Chief Tajudeen Gbadebo Olusanya Gbadamosi (also known as T. G. O. Gbadamosi, born 15 June 1939) is a Nigerian historian and retired academic, who was a professor of history at the University of Lagos, Nigeria. His areas of research include African history, Nigerian history, Yoruba history, and the history of Islam in Africa with a particular emphasis on Nigeria.

== Early life and education ==
Tajudeen Gbadamosi was born in Ondo State, where he attended Ondo Boys' High School from 1952 to 1956, before moving to King's College, Lagos, where he completed his secondary school education in 1958. He proceeded to the University College, Ibadan the following year, obtaining his bachelor's degree in history in 1962. He obtained his Ph.D. in History from the same institution in 1968, under the supervision of J. F. Ade Ajayi. His thesis was on "The Growth of Islam Among the Yoruba, 1841–1908", which he converted to a book of the same title ten years later.

== Career ==
Gbadamosi began his teaching career as a foundational faculty at the newly established Department of History at the University of Lagos, Nigeria in October 1965. He rose through the ranks from then until he was appointed a full professor in December 1982. He was one of the earliest graduates of the Ibadan School of History, and was also a pioneer of the Lagos School of History that succeeded it.

From 2005 to 2006, Gbadamosi was a Fulbright Scholar-in-Residence at LeMoyne-Owen College, Memphis, Tennessee in the United States. He was a visiting associate professor of History at King Abdulaziz University, Jeddah, Saudi Arabia from 1979 to 1980; and a visiting scholar at the University of London's School of Oriental and African Studies (SOAS), London in 1977 and 1978.

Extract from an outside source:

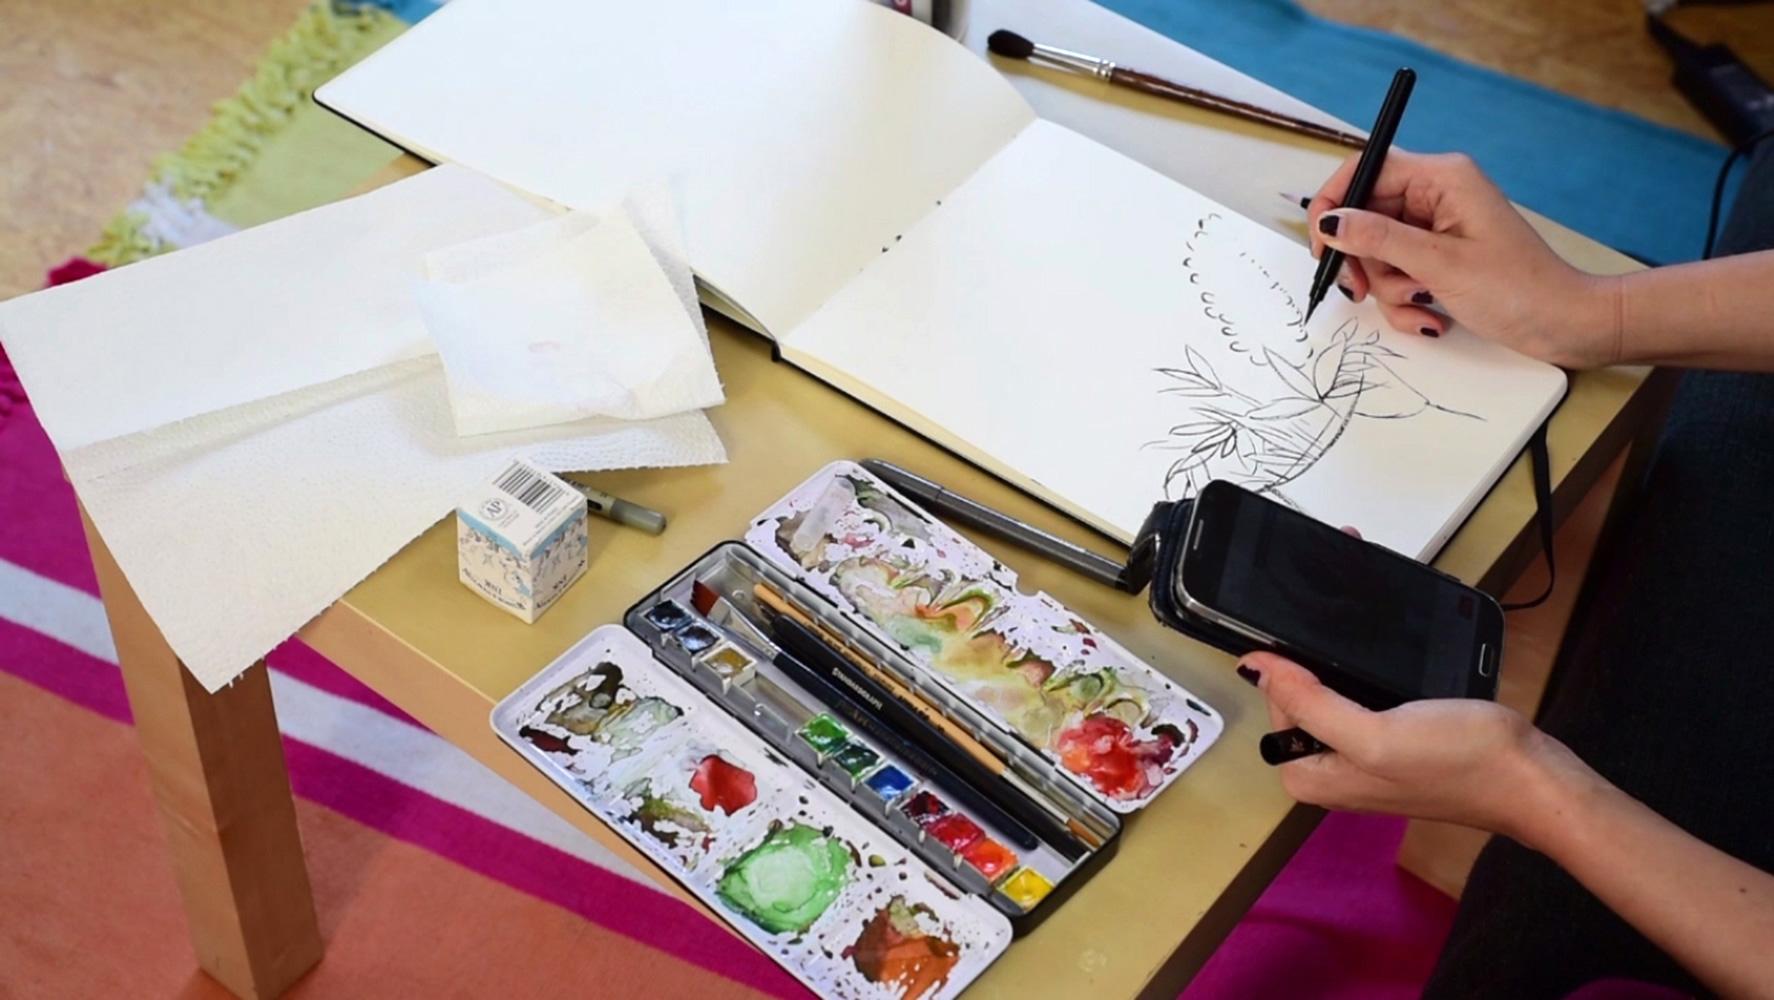 watercolor-lilacs-paintingprocess-stepbystep-franziskaschwade-1
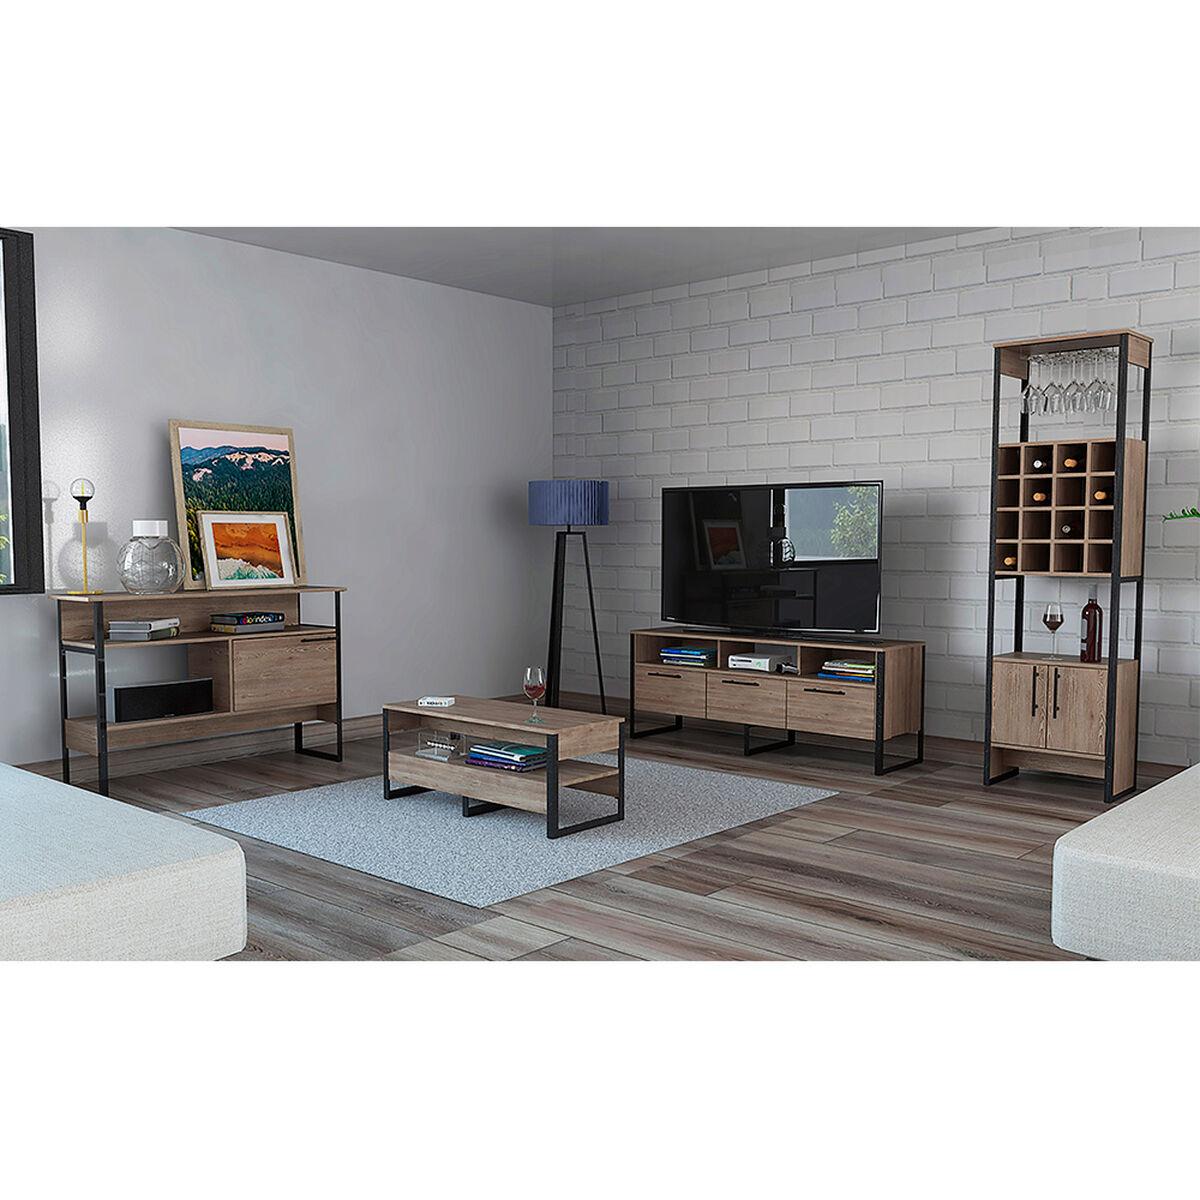 "Rack Tv 60"" + Bar + Arrimo + Mesa Centro Magnum"

Gbadamosi has been a member of various professional bodies, including the Nigerian Academy of Letters, Historical Society of Nigeria, Canadian Association of America Studies, African Studies Association, Nigerian Institute of International Affairs, Nigerian Institute of Management, Nigeria–Arab Association, and Counseling Association of Nigeria.

As a leading scholar of Islam in Nigeria, Gbadamosi has held various leadership positions within the community of Muslims in Lagos State including being president of the Muslim Community of Lagos State. He was a former Provost of the Ansar-Ud-Deen College of Education, Isolo, Lagos. As the National Education Secretary of Ansar-Ud-Deen Society of Nigeria, Gbadamosi was also an important contributor to the establishment of Summit University, Offa.

==Personal life==
Chief Gbadamosi was married to the late Chief Tayiba Jumoke Gbadamosi (née Shadare), a member of an Isinkan royal family. Prior to her death, both Gbadamosi and his wife held titles in the Nigerian chieftaincy system.

His brother-in-law was the businessman Chief S. O. Shadare.

== Honours ==
In 2013, Gbadamosi was awarded the honorary citizenship of the State of Arkansas alongside six other Nigerians including Aliko Dangote, Rabiu Kwankwaso, Adebowale Adefuye, Julius Okojie and Akinwumi Adesina during a state dinner and awards ceremony of the Arkansas–Nigeria Economic Development Forum.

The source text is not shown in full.